Otherwise, Vultr was great to work with. They support a number of operating systems out of the box including FreeBSD and OpenBSD which I use heavily, had smaller machines than DO or Linode have which are great for testing purposes, and even support booting with custom iPXE scripts (which made it very easy for me to get a SmartOS image up and running).

Linode

Linode was the provider I had used most heavily in the past, so I went in with the most pre-conceived biases. I left them years ago after one too many bad security practices were exposed, in particular after breaches due to out of date software, a lack of two factor authentication, and after I submitted a report letting them know their login page was exposed over HTTP, only to get a reply that it didn’t matter because the form submitted to an HTTPS endpoint (which still didn’t change the fact that the form itself had just been served insecurely). However, I tried to go in with a fresh mind.

They now have two factor authentication, their site redirects to HTTPS, their customer support was great when I submitted a few small questions, and the documentation was generally well organized and complete.

I found two major problems when evaluating Linode’s offerings.

The first is that it’s hard to get custom images up and running if you don’t want to use theirs. For example, they have a guide to setting up FreeBSD that involves a lot of manual work setting up volumes, booting into rescue mode, copying data where it needs to go, associating those volumes with a cloud server, etc. whereas Vultr and DigitalOcean let you easily spin up an instance from an ISO or from another source with iPXE (in Vultr’s case).

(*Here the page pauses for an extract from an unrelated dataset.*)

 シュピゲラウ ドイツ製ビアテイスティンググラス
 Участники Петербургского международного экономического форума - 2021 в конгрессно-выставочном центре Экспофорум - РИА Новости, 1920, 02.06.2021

The second big issue is that Linode doesn’t offer private networking. There is a private network that your servers can join, but it’s shared by the whole data center so you’ll have to be very careful with your firewall rules. This is the issue that is likely to be a deal breaker for me, which is sad because I loved their other offerings.

On a related note that might be an issue for some: they don’t offer Firewalls (although their website says these are “coming soon”). This is fine for the purpose of this comparison since as I mentioned before I wouldn’t be using Vultr’s firewall offering either and prefer to manage pf or nftables myself.

Otherwise, everything on Linode appeared to just work out of the box. One thing Linode offered that I liked over the other providers is Longview, their monitoring and metrics service. Although I likely wouldn’t use it for larger services where I’d want something under my own control (Prometheus), if I was just running a machine or two to host a blog or a mail server I’d love having some simple metrics I can look at.

Conclusions

After considering these options, I think each provider is most suited to the following:

Linode: I would likely choose Linode if I were running one off services such as a blog, a personal mail or chat server, etc.

Vultr: This would be my pick for actual products requiring more complex infrastructure. If I were running several servers, a database, monitoring infrastructure, a firewall and loadbalancer, etc. that all needed private networking, I’d likely choose Vultr.

DigitalOcean: I would not use DigitalOcean unless I absolutely had to have managed PostgreSQL or some other feature not offered by the other providers.

2021-12-12 Update: as mentioned above in the DigitalOcean section, my new conclusion is “I would never use DigitalOcean under any circumstances”. If I were to be working on an existing project that was already using it, I would seriously consider investing the time and money to migrate if at all possible.